The question is very problematic for people who believes that life begins at conception because they have great difficulty deriving an answer that is broad enough to include newly-fertilized eggs yet narrow enough to exclude heart transplant donors or even some dead bodies. Another problem is that any definition that includes newly-fertilized eggs has difficulty providing a satisfactory answer to the question of when a miscarried embryo dies. If death is the loss of brain function, and an embryo never has brain function, then exactly what would constitute death for a miscarried embryo?
The most ambitious attempts at defining the term life tend to focus on the potential of the unborn. The result is a two-pronged definition — a human must have a complete set of human DNA and must have a future potential for brain function. The strikes me as awkward and too genes-based.
Yes, the idea of an assessment of permanence is crucial for person hood. Detractors will say this amounts to equating potential for some trait with having that trait, which offends their consistency sensibilities. But morality at it simplest is assessing the consequences of our actions and we are capable of assessing such consequences by understanding their implications on the future. Why we should not use this ability and instead rely on a snapshot of what something is only right here and only right now is beyond me.
What do you mean?
I mean that if the moral question is "Is it permissible to kill X?" Then it is better to ask "is X's state of unconsciousness permanent?" than to ask "Is X unconscious now?"

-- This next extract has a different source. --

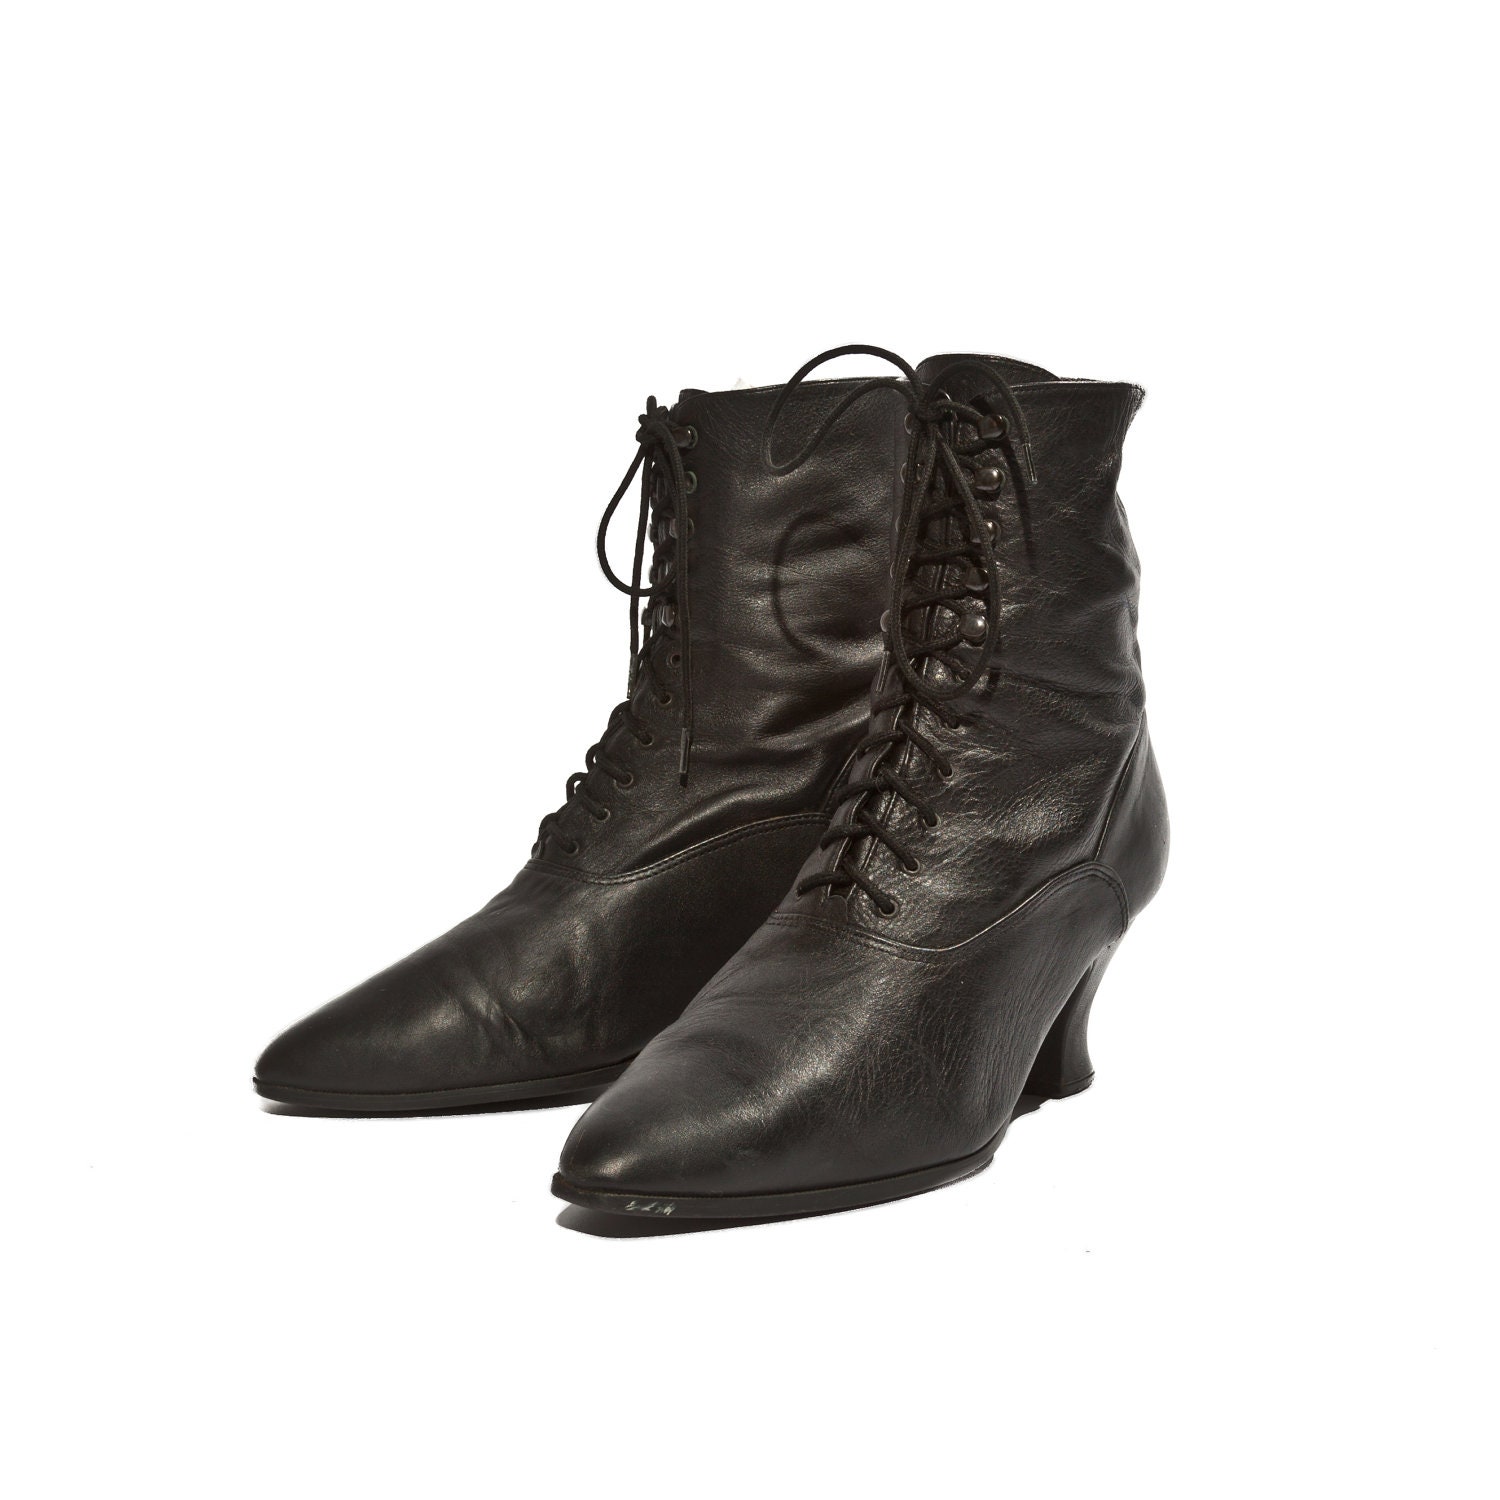 Women's Lace Up Ankle Granny Boots with Tall Heels in by ShopNDG
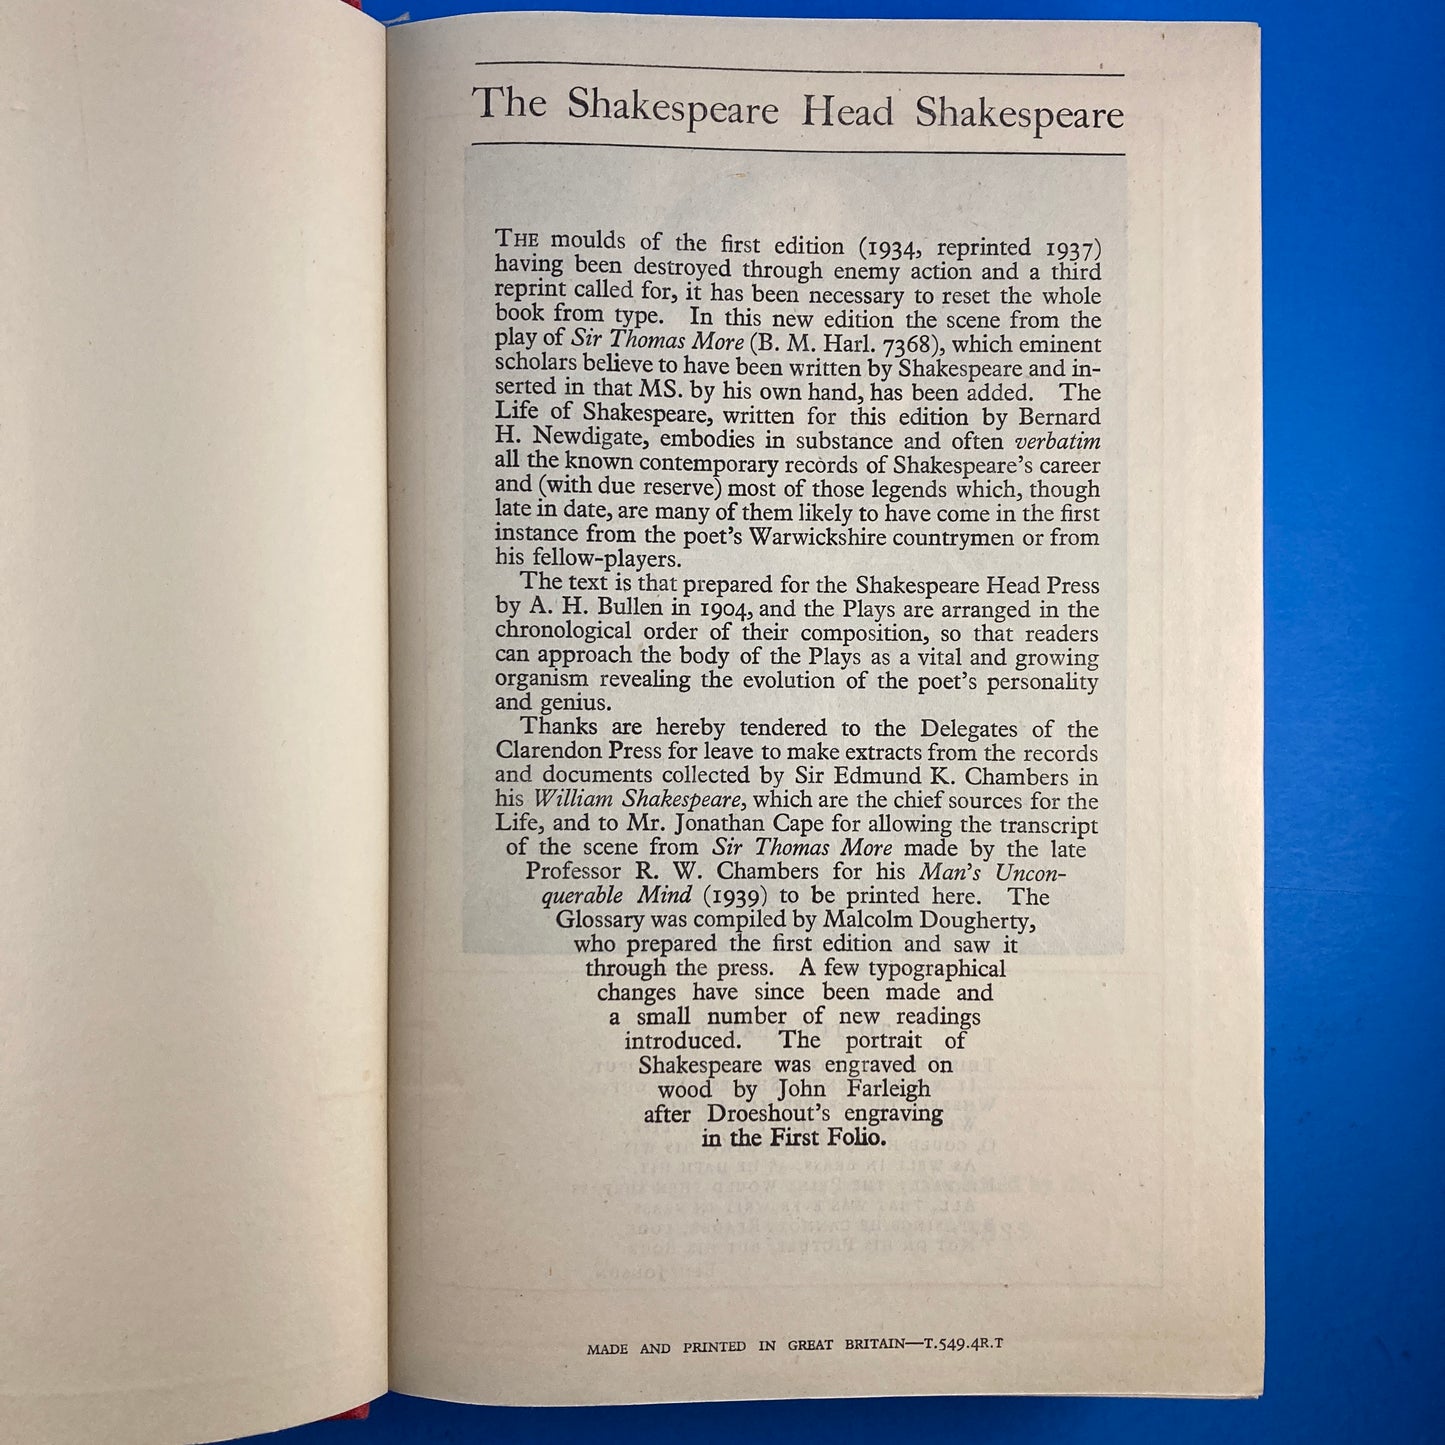 The Works of William Shakespeare Gathered into One Volume

"I mean that if the moral question is 'Is it permissible to kill X?'"
You are assuming that X is alive, which neither you nor the original article established.
"But morality at it simplest is assessing the consequences of our actions…"
To which specific consequentialist moral system do you adhere?
http://en.wikipedia.org/wiki/Consequentialism
I would support the choice of feeding and housing the coma patient to some degree but I would not force it on another individual I might force it on the state.